We start, of course, with Part One of our exhaustive, sleep-deprived, yet highly-informative overview of what’s cooking for the year ahead. This is the bit where you’ll find all the Really Big Names and the Really Big Films from the US, UK and Ireland, plus Australasia – pretty much anything in the English language, in fact. You’ll also find the smaller, more indie fare here too. In Part Two, the best of the rest of the world will get its moment in the spotlight. And finally, Part Three will look at the cream of the documentaries on offer, and bring the much-coveted and entirely virtual DVDfever Awards for 2016.
Don’t spill your popcorn or your unfeasibly large beverage, but the lights are going down now, and the main feature is about to start. so here we go…

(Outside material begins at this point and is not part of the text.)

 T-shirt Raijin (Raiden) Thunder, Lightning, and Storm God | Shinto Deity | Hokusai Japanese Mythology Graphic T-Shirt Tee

It’s an honour to be selected as the opening night gala film, and this time A United Kingdom, from director Amma Assante, plunges into the true tale of a love across the racial and class divide in post-war England and Africa. Clerical worker Rosamund Pike reluctantly joins her sister at a stuffy London party, where she claps eyes on gorgeous David Oyelowo, and their future together is sealed. They go dancing together and cannot be prised apart, despite her parents’ protestations. For he is black and she is white. and she even has to look up his homeland, Bechuanaland, on a map. The further complication is that he’s the future King, and must return. Every obstacle is put in their way to prevent them being there together, from red tape in London to unrest from his people, and hostility from both families. Assante helms with a light touch, and both Oyelowo and Pike are radiant and entirely credible in their roles. Spurned by everyone, with apartheid bubbling around them, the couple’s love and marriage is tested. but can they ever be accepted?

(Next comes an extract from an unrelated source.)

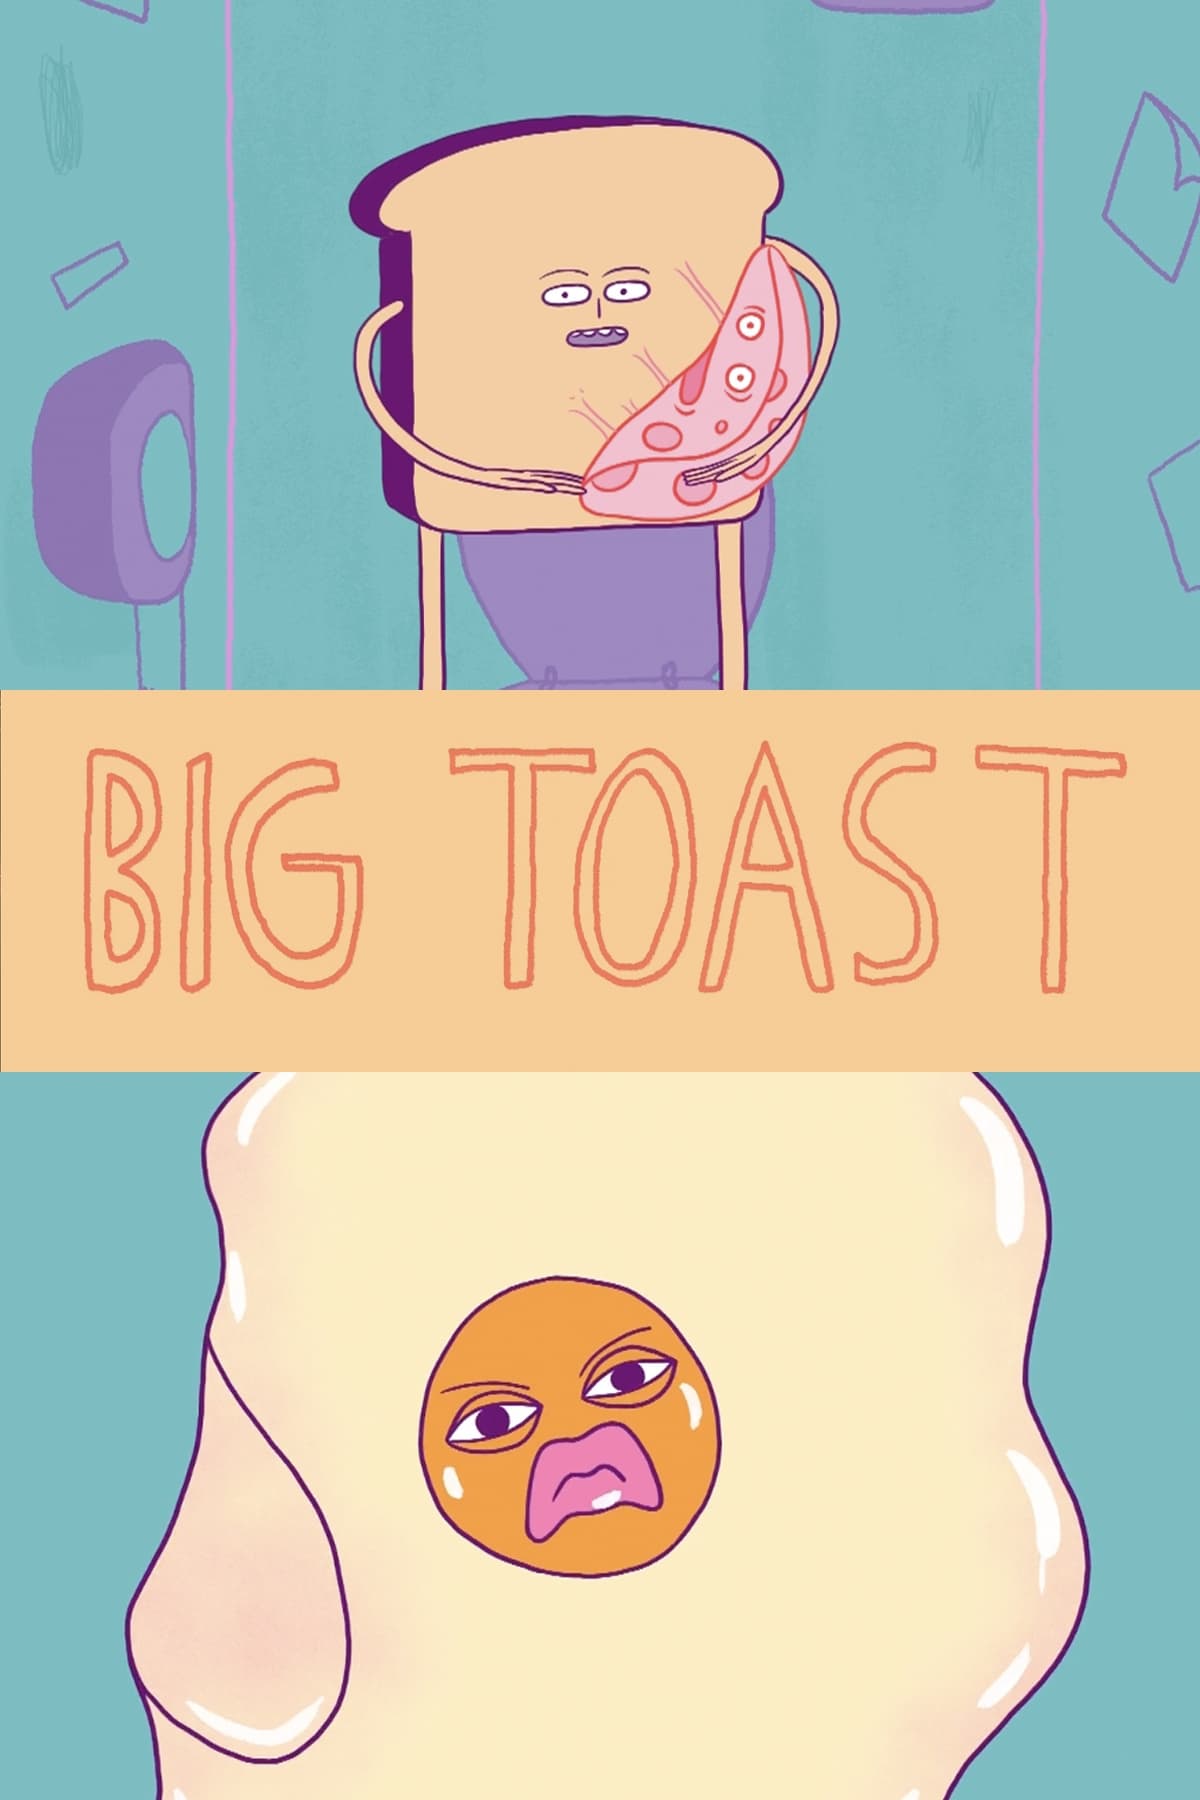 Big Toast

Festival favourite Ben Wheatley perhaps didn’t hit the heights of Sightseers with last year’s High-Rise.
So it says a lot about his still-rising reputation that his latest, Free Fire, closed the entire festival. If you imagine Reservoir Dogs set during the Troubles, with Irish militants buying weaponry from American gangsters in 1970s Boston, then you get a fair idea of its look and feel. But instead of Stealers Wheel as the soundtrack, here it’s John Denver playing on a tape deck in an old transit van. And much like the way The Fast Show only includes the punchlines of every sketch, here we get almost zero backstory. So with no exposition, we cut straight to the chase. Or in this case, the arms deal and the inevitable shootout, all in one big warehouse. “Fuck the small talk,” as one character says, “let’s buy some guns.”
The film is purely this final act played over an hour and a half. And, again, like The Fast Show, the inevitable gunfight goes on and on and on, mainly played for laughs. And as it’s a gun deal, there are lots of guns. Pretty much no-one dies straightaway; everyone dives for cover, rolls behind barrels, crates and pillars, drags themselves upstairs towards the one telephone, runs out of ammunition. Racial epithets and personal abuse fly around, characters even forget which side they’re on. The cast list is fantastic: Cillian Murphy and Michael Smiley batting for Ireland, Brie Larson (Room) as the deal broker, and Armie Hammer and the superb Sharlto Copley as gangsters. Throw in Sam Riley, Noah Taylor and Jack Reynor and you have a storming ensemble. In a digital world, it feels like Wheatley has gone analogue. And it feels rather good.
One of Wheatley’s graduates, Sightseers‘ star Alice Lowe, makes her highly promising directorial debut with the pitch black comedy Prevenge. Lowe herself takes the main role of a recently bereaved and heavily pregnant woman, Ruth, who is set on revenge. And the plot echoes the escalating violence and narrative arc of Sightseers. One by one, she confronts a pretty sleazy bunch of individuals, usually at their workplace, from pet shop owner to dodgy DJ to recruitment manager. Which leads to ‘scenes’, many of them grisly. Definitely one to watch.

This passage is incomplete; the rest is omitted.